Watch your wallet - and the mail - if you keep a spare credit card for emergencies. Another round of new credit card reforms, kicking in tomorrow, may snarl your planned financial lifeline.
Most of the changes are consumer friendly, Massachusetts regulators and other authorities conclude. What we don't know is what rate hikes or other changes credit card companies might make to finish molding their customer bases before some final and stricter rules take effect in February.
"Think Play-Doh," suggests John Ulzheimer, consumer education chief at Credit.com, an on-line consumer education and advocacy service.

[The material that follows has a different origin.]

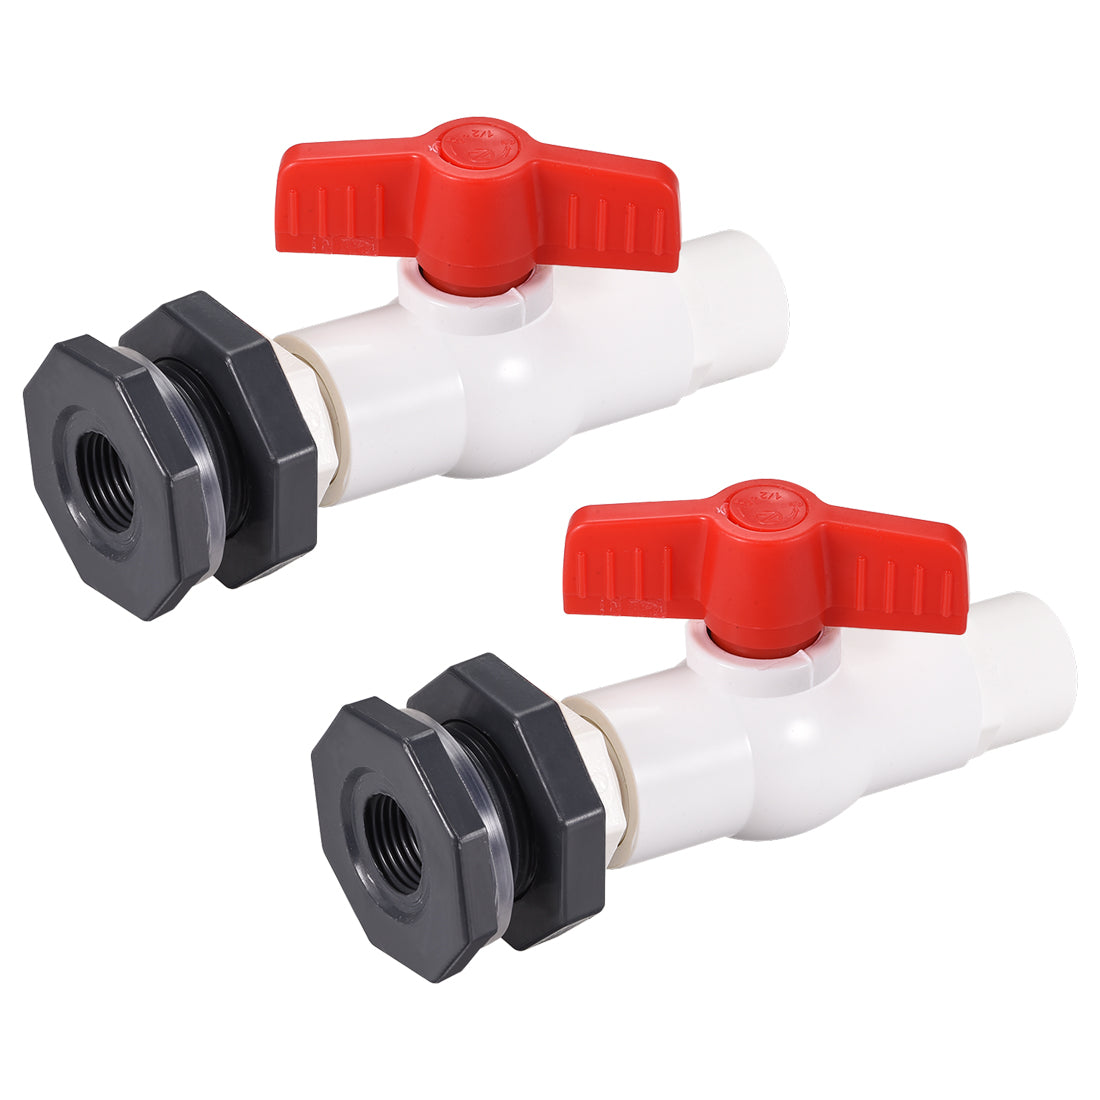 uxcell Uxcell PVC Ball Valve Connector Spigot Kit G1/2, with Bulkhead, Grey White Red 2Pcs
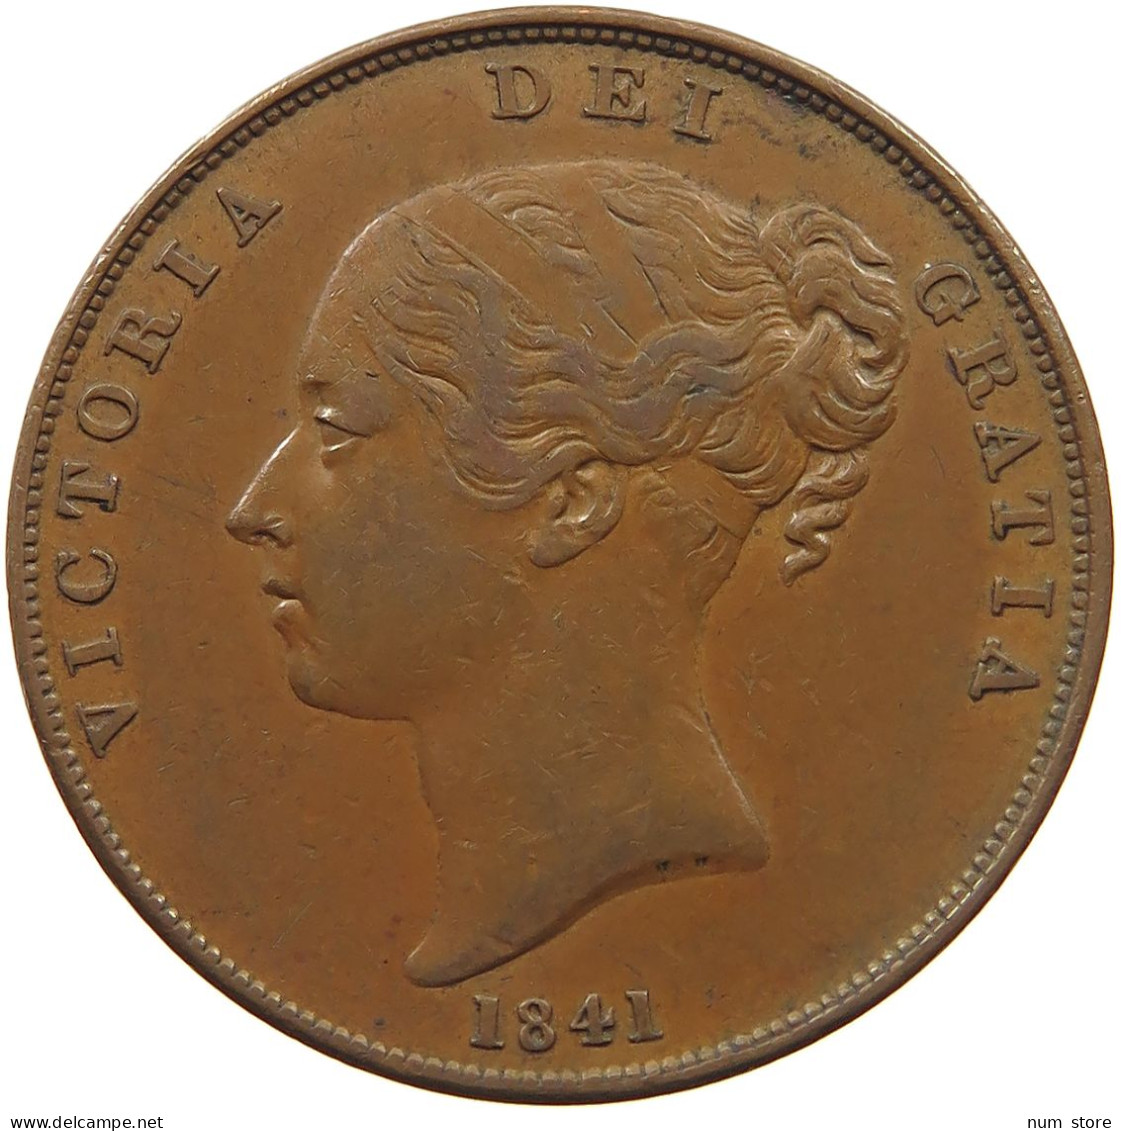 GREAT BRITAIN PENNY 1841 VICTORIA 1837-1901 #MA 022967 - D. 1 Penny

Card providers basically will use the time between now and Feb. 23 to craft the most profitable customer bases they can, by cutting out slabs of their most likely-to-default overextended borrowers and their most unprofitable customers, who carry cards but seldom use them, Ulzheimer said.
Counseling, debt consolidation and other help abound for overextended borrowers. But hanging on to an emergency card you don't want to use requires different action. Your best bet will be to use the card enough to keep your account active but not enough to punch holes in your cash flow.
And if you do carry a balance, be conservative, authorities recommend. Two guidelines that are still good despite the change: Keep your total borrowing below 35 - 40 percent of your total credit limit. Keep your payments within 10 percent of your cash flow.
Keeping a card active won't take much, Ulzheimer said. Just a few transactions -and the fees they generate from merchants - will do the trick.
"We're not talking about buying a flat screen TV," he said. "Go out for dinner. Fill your tank. Then pay it off in full at the end of the month."